Tandis que sorcière et Moire signèrent leur pacte, des écritures en sang apparurent sur leurs peaux, leurs serments et leurs clauses devinrent des mots inscrits dans leurs chairs.
Une fois le pacte signé, Anne resta hésitante. Anne n’était pas étrangère au plaisir du sang ni à la volonté de puissance qu’elle ressentait à travers ses victoires, mais elle savait qu'elle avait choisi la bonne voie, bien que celle-ci lui soit insatisfaisante.
Comblée par leurs transactions, la Moire usa de la sorcellerie, attirant un morceau de métal d’un des cadavres composant le charnier à ses pieds, puis déforma le métal lui faisant prendre la forme d’un anneau avant d’inscrire des runes. Offrant le présent à la sorcière, la Moire démontra une forme de reconnaissance envers Anne. Elle prêta serment de lui venir en aide un jour. En brisant cet anneau et en réclamant un service, la Moire jura d’accomplir sa requête, mais cela était à usage unique.
Anne accepta le présent, connaissant la rareté d’une telle offre.
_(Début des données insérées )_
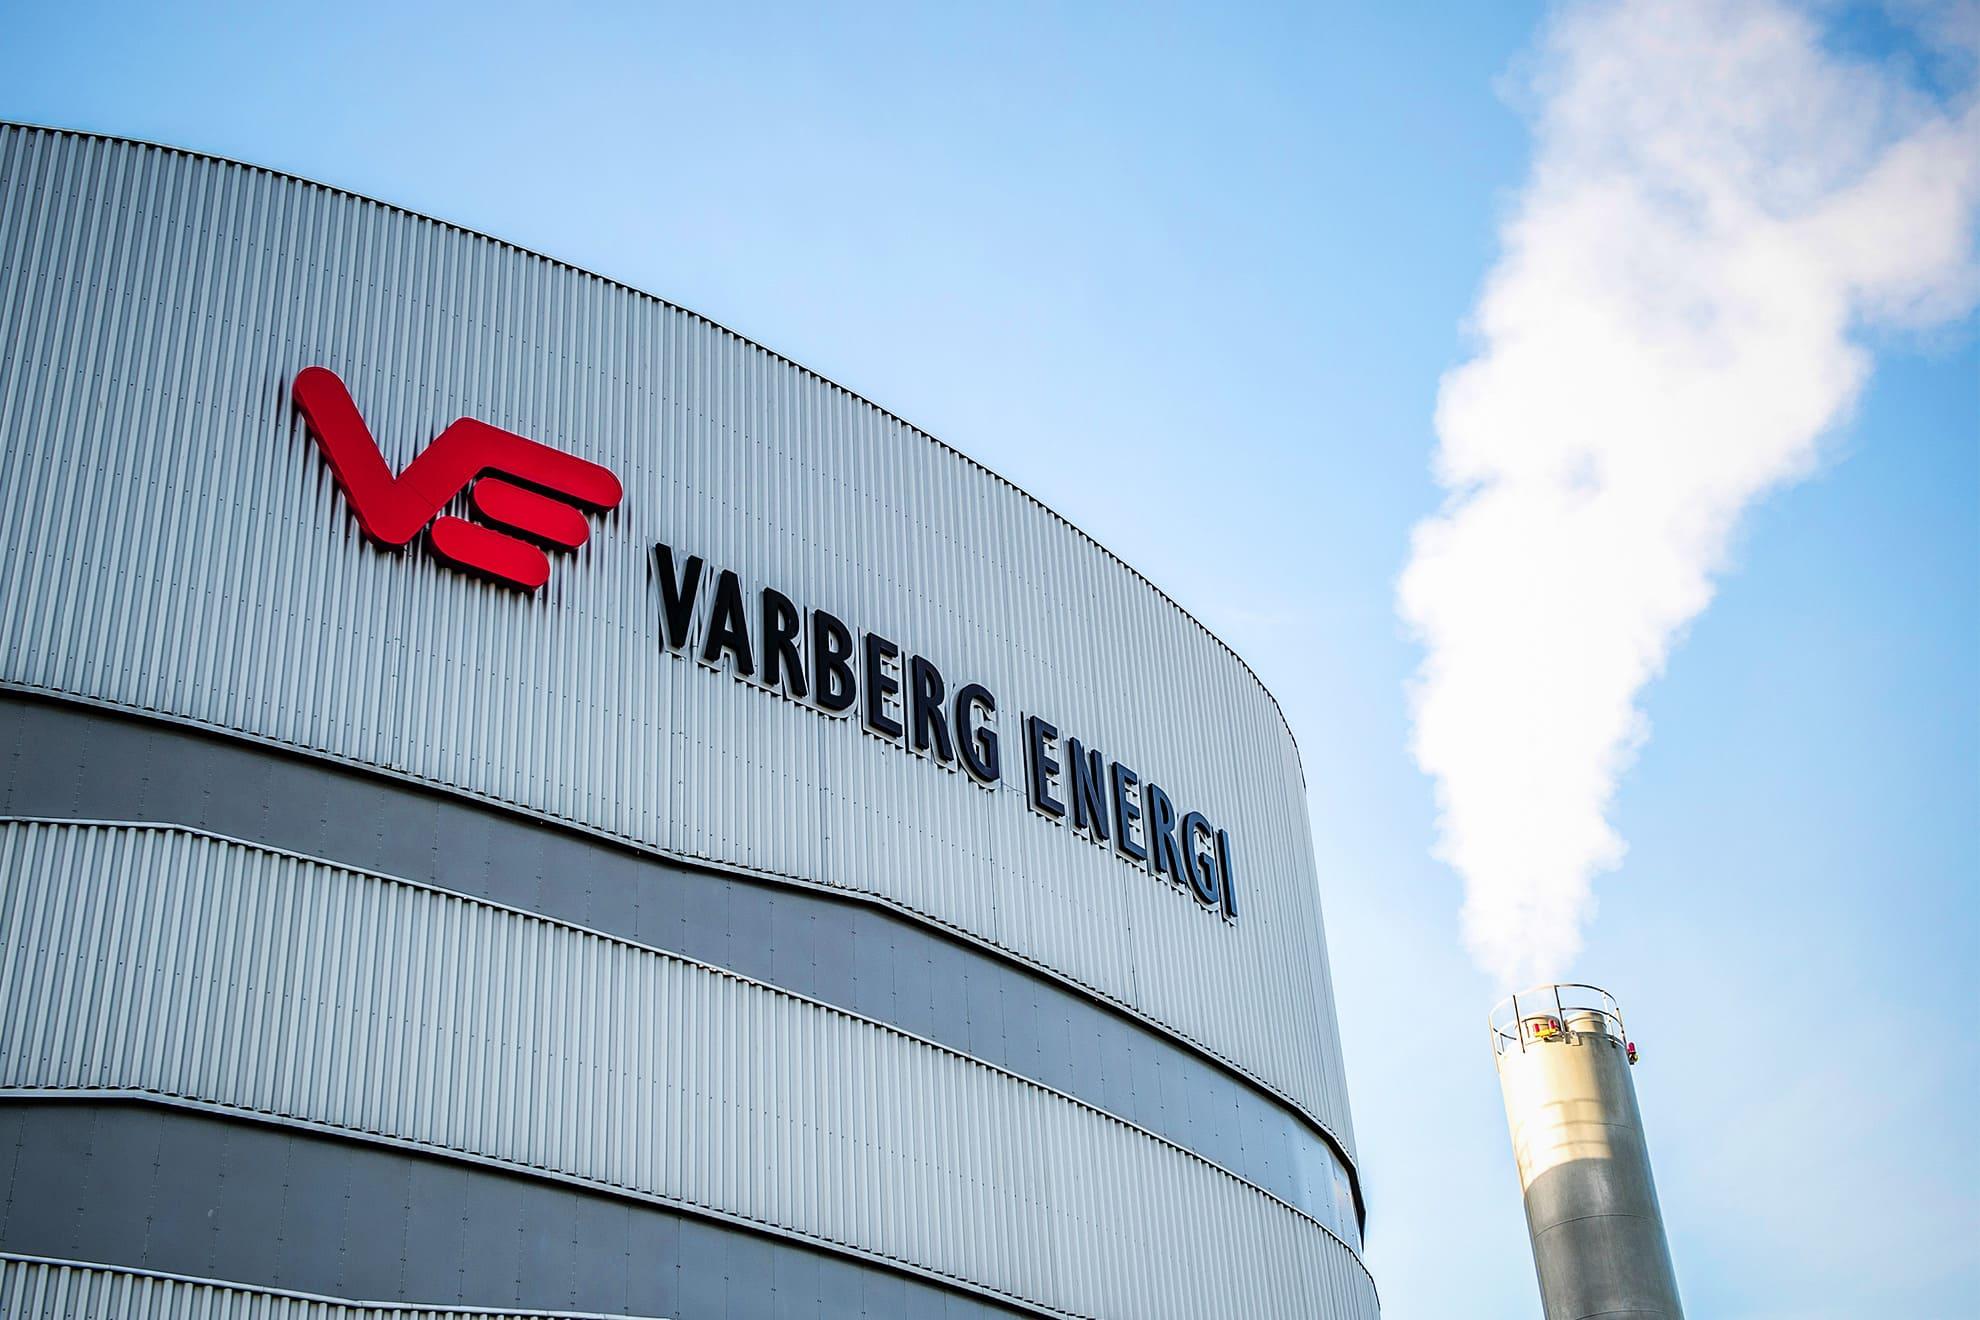 varberg energimarknad ab

- Nombreux sont les sorciers qui auraient sacrifié leur vie ou la vie des autres pour obtenir un tel don.
Ironisa t-elle.
La Moire sourde à son sarcasme répondit, sans détour, qu’un de ses congénères était venu et lui avait signé un pacte de sang avec elle. Il lui avait offert ses “fidèles” contre ses services et son savoir.
À ces mots, curiosité et craintes naquirent dans l’esprit de la sorcière. Anne demanda, faussement innocemment, qu’elle était son prédécesseur. La Moire, dépourvue de vice, resta aveugle à la sournoiserie de la sorcière, et donna un nom.
Sortant de l’antre de la Moire, Anne occulta les lieux aux yeux des humains, s’acquittant avec précision et ferveur de son serment.
Finissant sa tâche, Anne appela Lucien.
- Anne ? ... Quelle bonne nouvelle as-tu pour moi ?
Marmonna le Felix, se réveillant difficilement.
- Je viens de sortir d’une chasse. J’ai un nom pour toi.
- Continue.
- Noan Guiraud.
Lucien ne répondit pas. Son silence témoignait de son intérêt.
Le Felix soupira. Il ne connaissait que trop bien ce nom. Le silence insistant du sorcier invita la Cornélia à continuer.